本開示の実施形態に係るフィルム用樹脂組成物は、以下の第1〜5のフィルム用樹脂組成物であってもよい。
上記第1のフィルム用樹脂組成物は、熱硬化樹脂(A)、六方晶窒化ホウ素の二次凝集粒子(B)と、を含む樹脂組成物であって、前記六方晶窒化ホウ素の二次凝集粒子(B)が、凝集破壊強度が7MPa以上の六方晶窒化ホウ素二次凝集粒子(B−1)と、凝集破壊強度が3MPa以上7MPa未満の六方晶窒化ホウ素二次凝集粒子(B−2)と、を含むフィルム用樹脂組成物である。
上記第2のフィルム用樹脂組成物は、前記六方晶窒化ホウ素二次凝集粒子(B−1)と、前記六方晶窒化ホウ素二次凝集粒子(B−2)と、の配合割合(質量比)((B−1)/(B−2))は10〜0.05である、上記第1のフィルム用樹脂組成物である。
上記第3のフィルム用樹脂組成物は、さらにアルミナ粒子(C)を含有する、上記第1または2のフィルム用樹脂組成物である。
上記第4のフィルム用樹脂組成物は、前記アルミナ粒子(C)と、前記六方晶窒化ホウ素二次凝集粒子(B)と、の配合割合(質量比)((C)/(B))は1以下である、上記3のフィルム用樹脂組成物である。
上記第5のフィルム用樹脂組成物は、さらに、硬化剤(D)を含有する、上記1〜4のいずれかのフィルム用樹脂組成物である。
本開示の実施形態に係るフィルムは、上記第1〜5のいずれかのフィルム用樹脂組成物により形成されるフィルムであってもよい。
本開示の実施形態に係る基材付フィルムは、プラスチック基材の少なくとも一面に上記第1〜5のいずれかのフィルム用樹脂組成物からなる層が形成された基材付フィルムであってもよい。
本開示の実施形態に係る金属/樹脂積層体は、金属板もしくは金属箔の少なくとも一面に上記第1〜5のいずれかのフィルム用樹脂組成物からなる層が形成された金属/樹脂積層体であってもよい。
本開示の実施形態に係る樹脂硬化物は、上記第1〜8のいずれかのフィルム用樹脂組成物、を硬化させた樹脂硬化物であってもよい。
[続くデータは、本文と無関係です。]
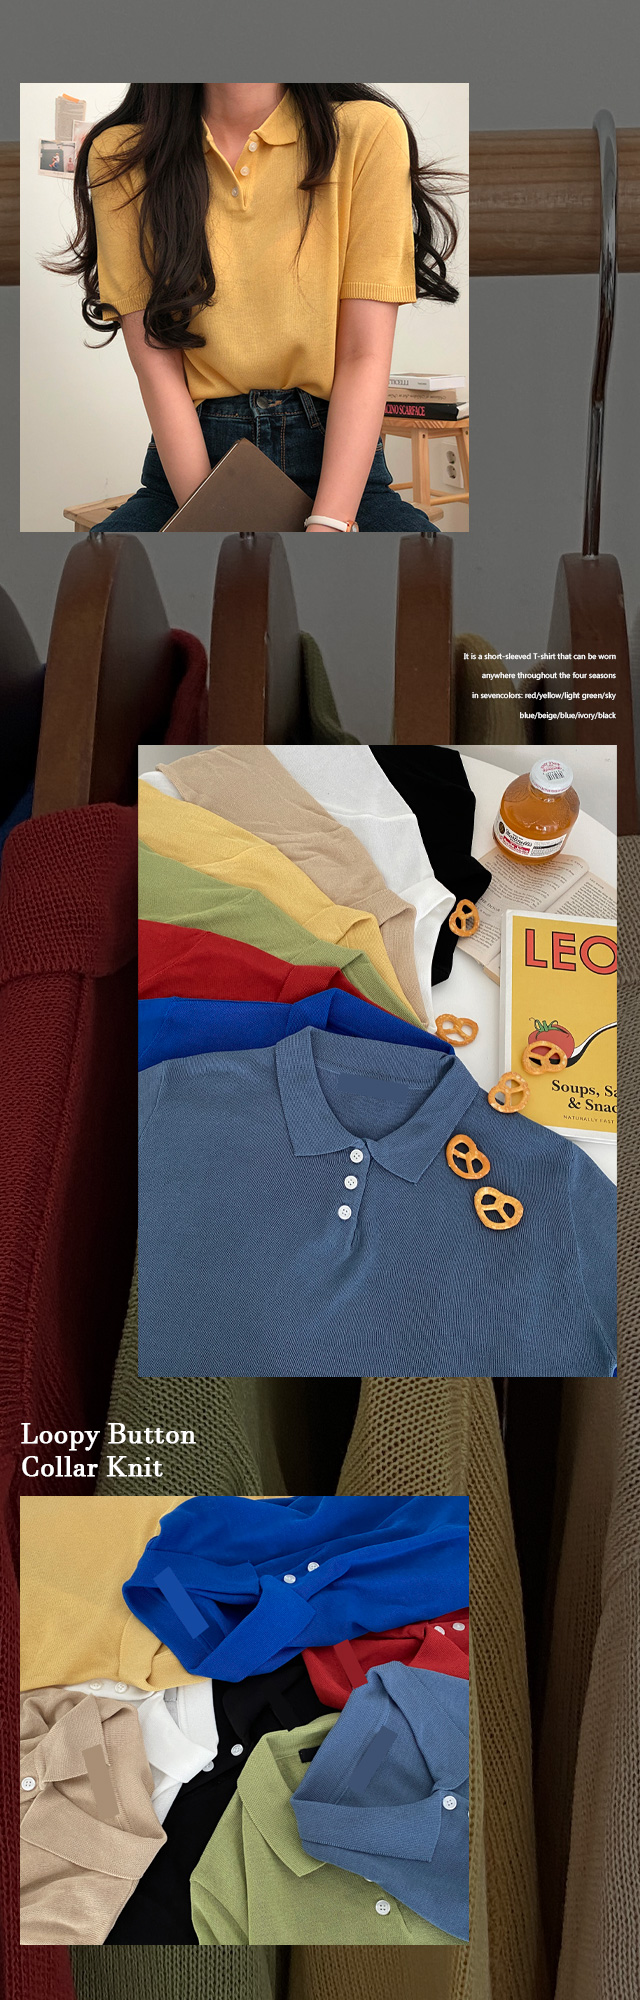 Luffy Button Collar Short Sleeve Knitwear

本開示の実施形態に係る半導体装置は、上記第1〜5のいずれかのフィルム用樹脂組成物を用いた半導体装置であってもよい。
本開示の実施形態に係るフィルムの製造方法は、上記第1〜5のいずれかのフィルム用樹脂組成物をプラスチック基材、あるいは、金属板もしくは金属箔の少なくとも一面に本開示の実施形態に係るフィルム用樹脂組成物を塗布することによりフィルムを形成するフィルムの製造方法であってもよい。